To Fetch a Felon by Jennifer Hawkins

Title: To Fetch a Felon
Author: Jennifer Hawkins
Publisher: Berkley Publishing Group
Source: NetGalley in exchange for an honest review

To Fetch a Felon Book Cover. A pembroke welsh corgi is smelling spilled tea in a flower garden with a fox watching the corgi from behind a bush.

Emma Reed and her beloved Corgi move from London to Cornwall with the dream of opening a tea shop—but first they’ll have to collar a criminal in the first book in a charming new series.

Emma leaves London and her life in high finance behind her and moves to an idyllic village in Cornwall, with its cobblestone streets and twisting byways. She plans to open a village tea shop and bake the recipes handed down to her from her beloved grandmother, and of course there’ll be plenty of space for her talking corgi, Oliver, to explore. Yes…talking. Emma has always been able to understand Oliver, even though no one else can.

As soon as Emma arrives in the village she discovers that the curmudgeonly owner of the building she wants to rent for her shop hates dogs and gets off on the wrong foot with Oliver.
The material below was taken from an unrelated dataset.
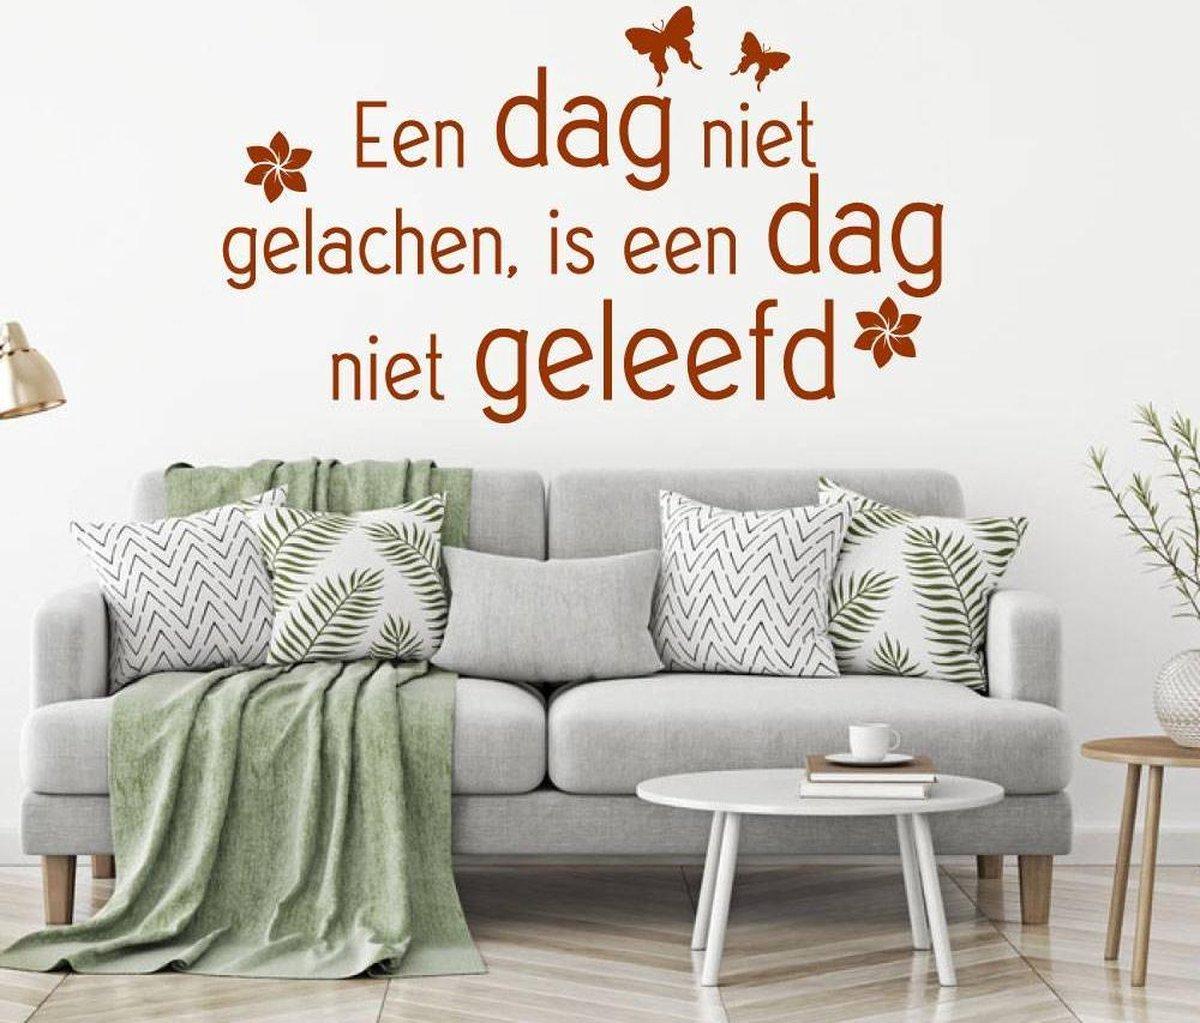 Muursticker Een Dag Niet Gelachen, Is Een Dag Niet Geleefd -  Bruin -  120 x 70 cm  -  woonkamer  nederlandse teksten   - Muursticker4Sale

Although some might turn tail and run, Emma is determined to win her over. But when she delivers some of her homemade scones as a peace offering, she finds the woman dead. Together, Emma and Oliver will need to unleash their detective skills to catch a killer.

Is it any surprise a book with a talking corgi caught my interest? It shouldn’t be! The relationship between Emma and Oliver is sweet. She indulges his culinary appetite maybe a bit too much for my own tastes (fatty sausages!) but he is more than willing to remind Emma that she needs to go for a walk instead of spending all day looking at a laptop doing research.

Emma very purposefully moved to Trevena because of childhood memories and the perfect tea shop location. It’s a place where she can leave her old finance life behind and make a new life based on what she wants and not what she thinks she should do. The village does have tourists but the year-round residents seem to know everything about everyone else.

This mystery had more than one twist to it which kept me on my toes. Emma’s sounding boards, Angelique and Genny, are local business owners who are able to fill Emma in on the village gossip.

Some of the things I liked were the variety of characters (different ages and ethnicities), the mystery has several red herrings, Oliver’s willingness to help Emma even if he didn’t understand precisely what was going on, and the entire reason for Emma moving to the village doesn’t get derailed by the murder.